Integra was founded on a technology platform to repair and regenerate tissue with engineered collagen devices. In 1996, the FDA approved the company's first product, Integra Dermal Regeneration Template, a collagen matrix designed as a skin replacement system for the treatment of third-degree burns. Integra Dermal Regeneration Template was the first product approved with a claim of regeneration of dermal tissue. Integra's skin and wound products also include Integra Meshed Bilayer Wound Matrix, which can be used with Negative Pressure Wound Therapy; and Integra Flowable Wound Matrix, designed for easy application to tunneled and/or undermined wounds. Together, these products represent over 30 years of science and innovation in the development of collagen technology.
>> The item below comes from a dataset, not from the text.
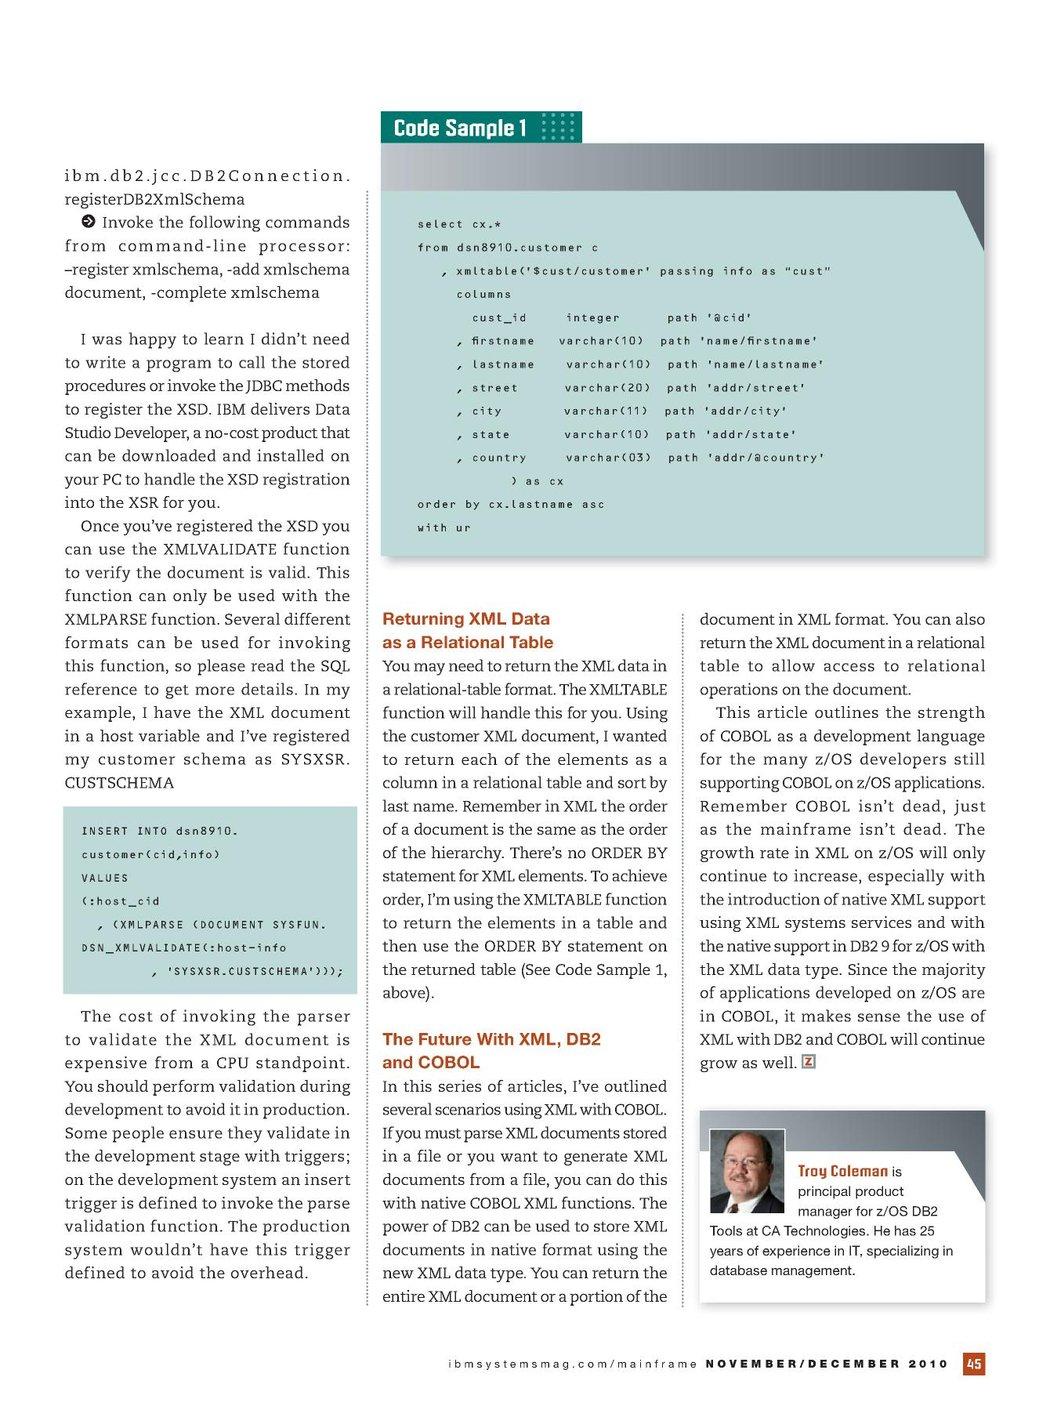 IBM Systems Magazine, Mainframe Edition - November/December 2010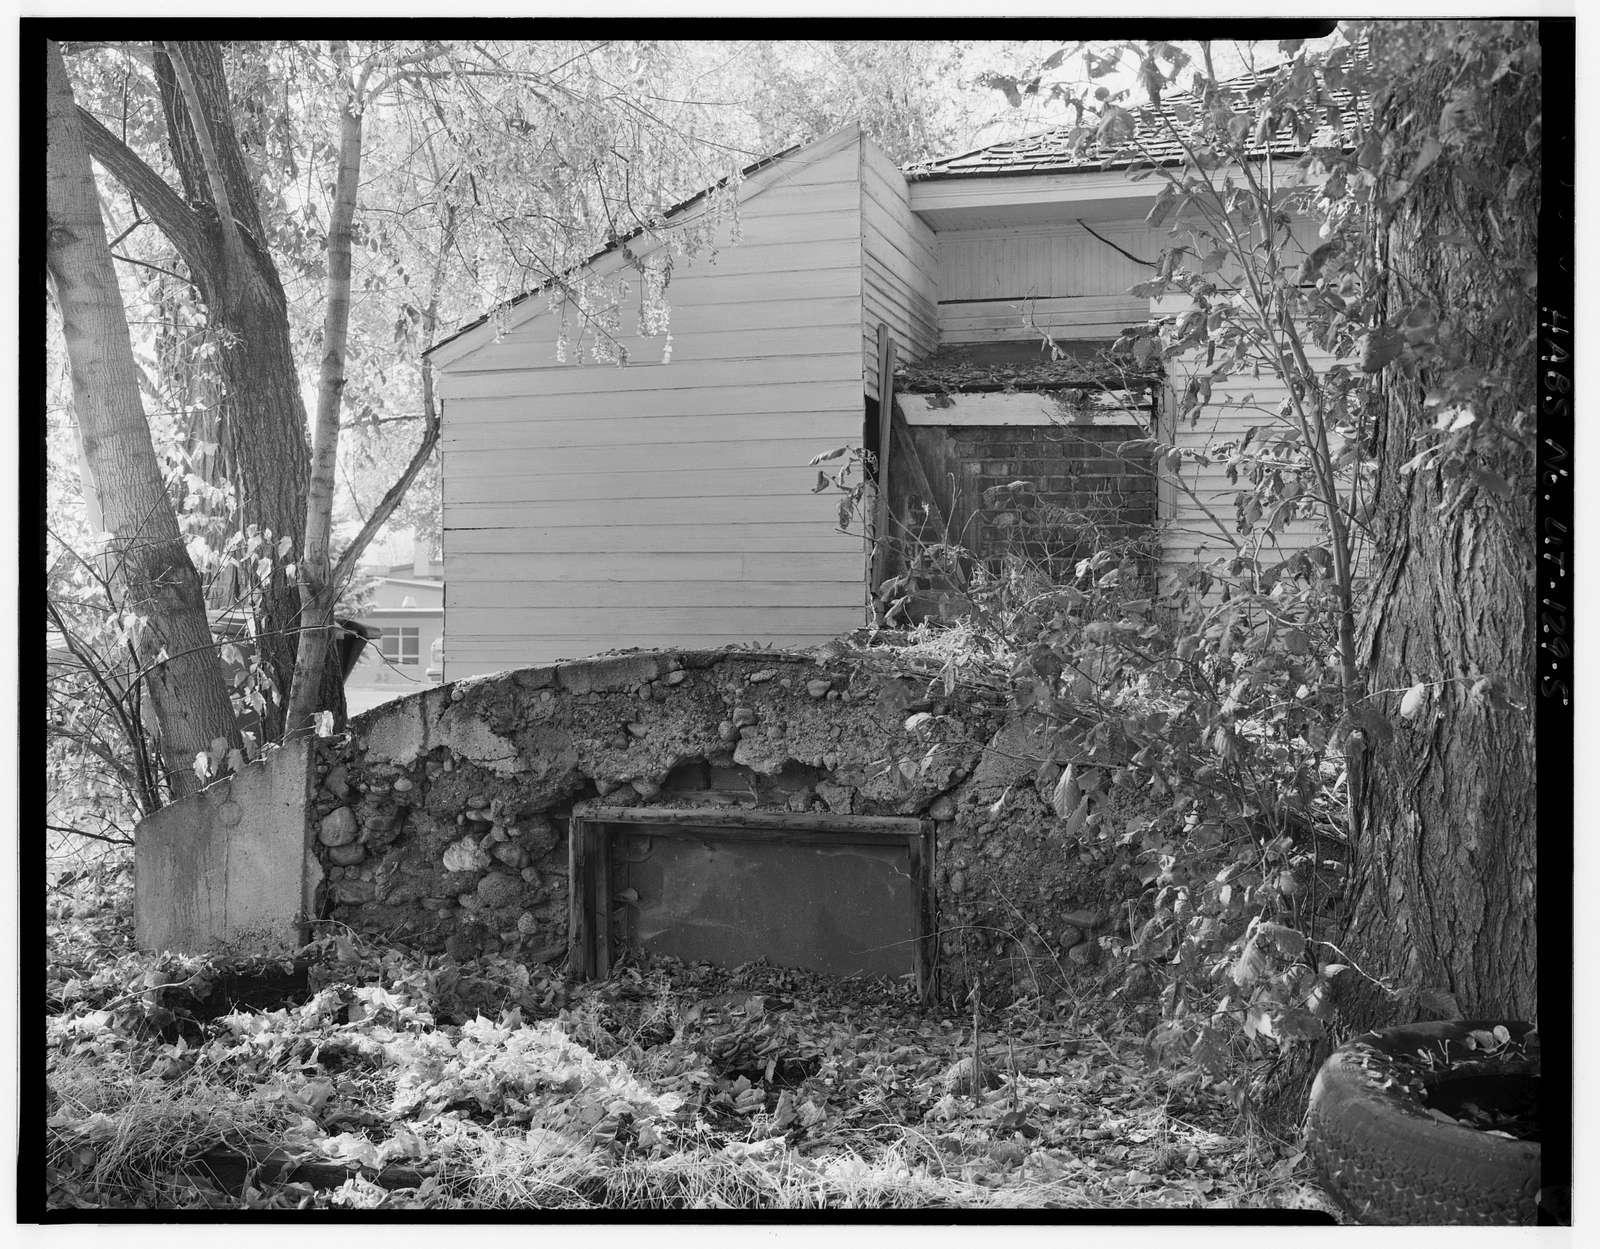 Horace W. Burgon House, 7501 South 700 East, Union, Salt Lake County, UT

Integra's Ultra Pure Collagen is the base material of implants used successfully in more than 12 million procedures.
In July 2015, Integra acquired TEI Biosciences and TEI Medical, which added the SurgiMend and PriMatrix product lines to address a number of indications in wound care and tissue repair.
Integra Dermal Regeneration Template is an advanced skin replacement matrix, designed to provide immediate wound closure and permanent regeneration of the dermis. The product is placed in direct contact with the excised wound and consists of a complex three-dimensional porous matrix that acts as a scaffold for cell migration and allows for regeneration of the dermal layer of the patient's skin.
Based in Plainsboro, N.J., Integra LifeSciences develops regenerative technologies solutions, including those for specialty surgery, orthopedics and tissue technologies.